The pictures in the listing below are to be skipped, while the lines between the line holding "गधों (Donkey) की" and the line holding "Esferas de vidrio", inclusive, are to be output exactly.

DATA PROVIDED
= Beginning of Section =

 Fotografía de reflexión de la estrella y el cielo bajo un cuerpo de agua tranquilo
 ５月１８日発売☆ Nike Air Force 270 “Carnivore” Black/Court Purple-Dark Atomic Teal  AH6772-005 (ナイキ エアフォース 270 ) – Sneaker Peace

= End of Section =
= Beginning of Section =

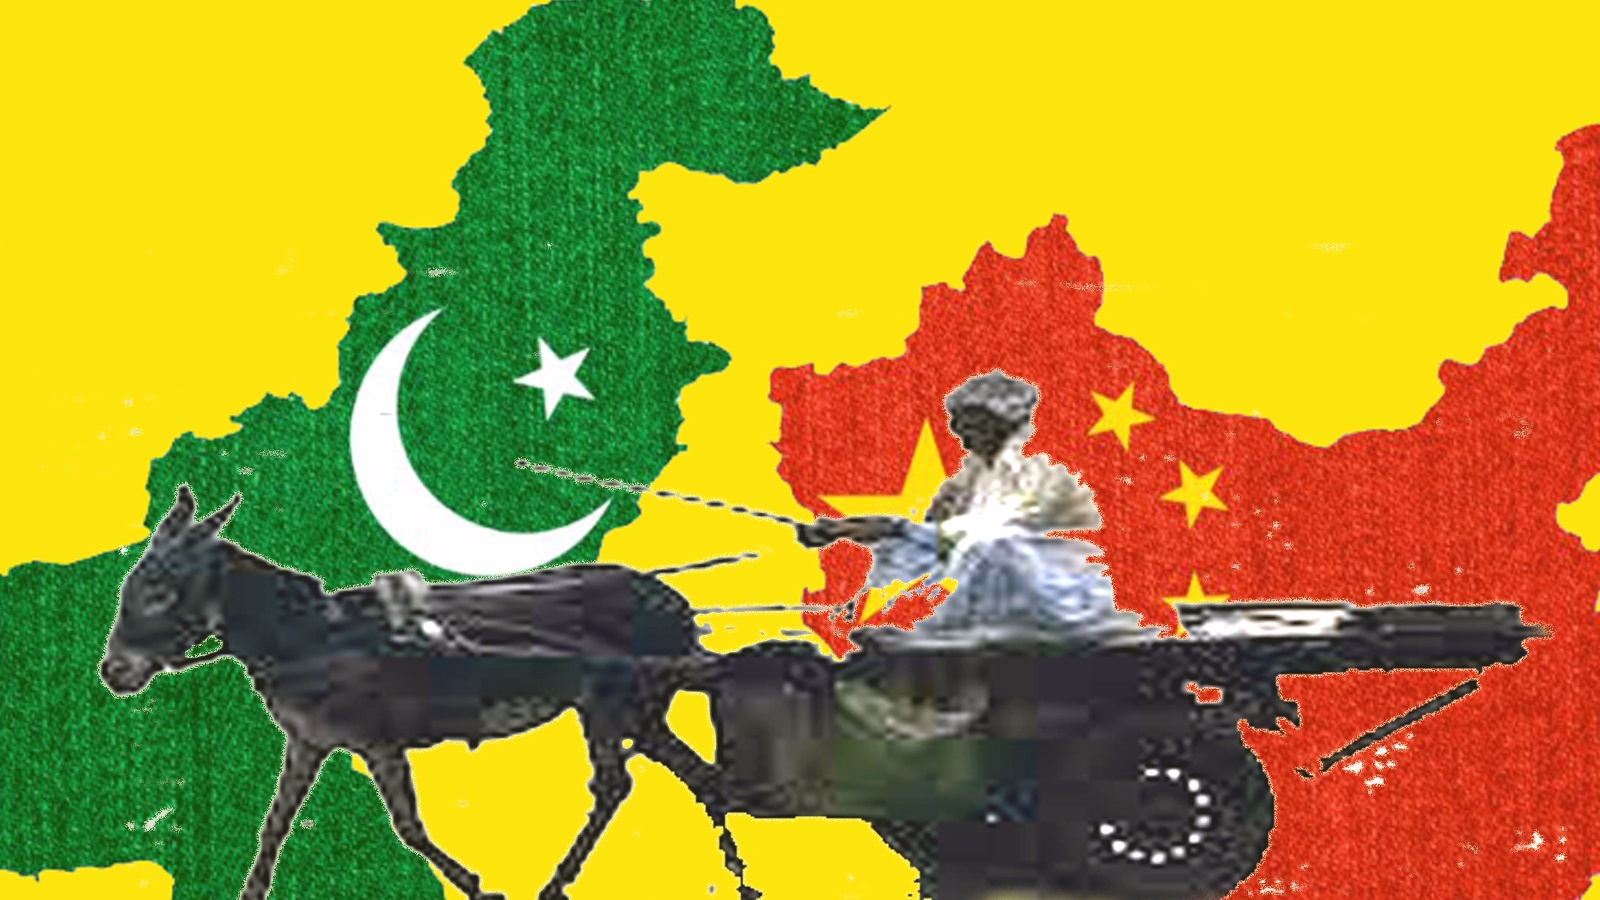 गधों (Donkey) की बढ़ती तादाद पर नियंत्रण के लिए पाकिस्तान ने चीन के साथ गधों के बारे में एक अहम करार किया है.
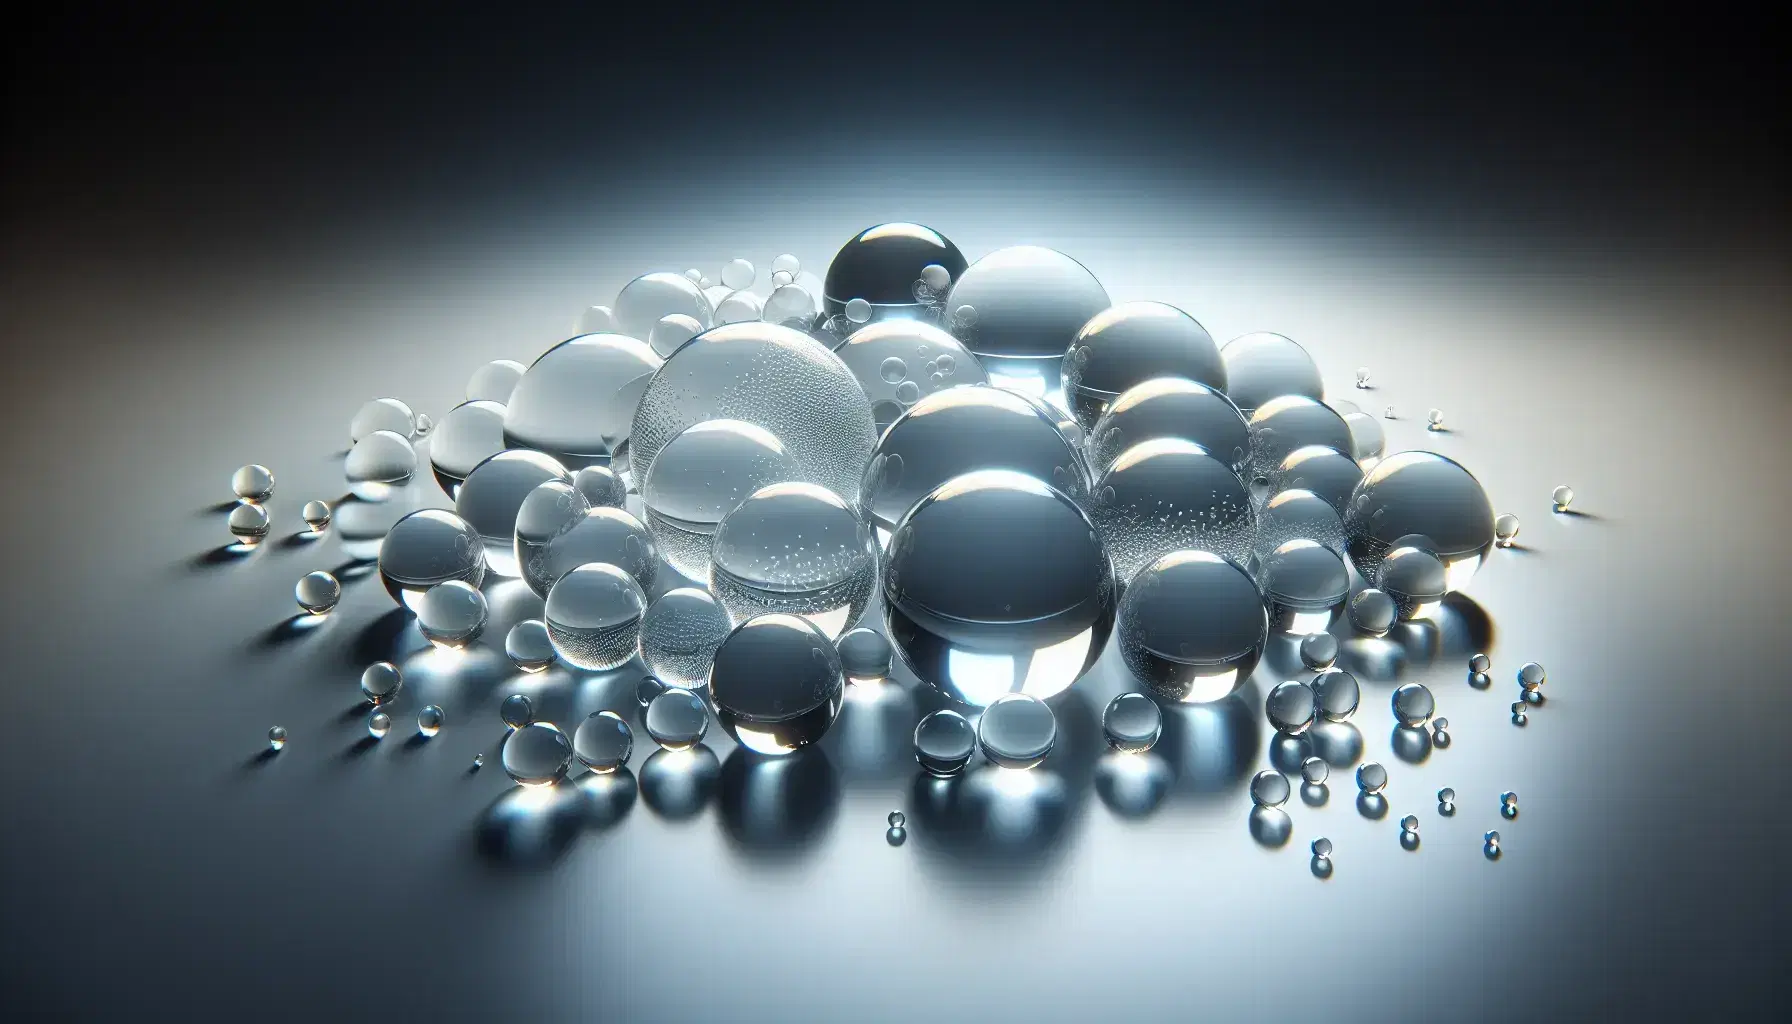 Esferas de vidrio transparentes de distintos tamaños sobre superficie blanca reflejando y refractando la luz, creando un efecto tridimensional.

= End of Section =

TASK RESPONSE
 गधों (Donkey) की बढ़ती तादाद पर नियंत्रण के लिए पाकिस्तान ने चीन के साथ गधों के बारे में एक अहम करार किया है.
 Esferas de vidrio transparentes de distintos tamaños sobre superficie blanca reflejando y refractando la luz, creando un efecto tridimensional.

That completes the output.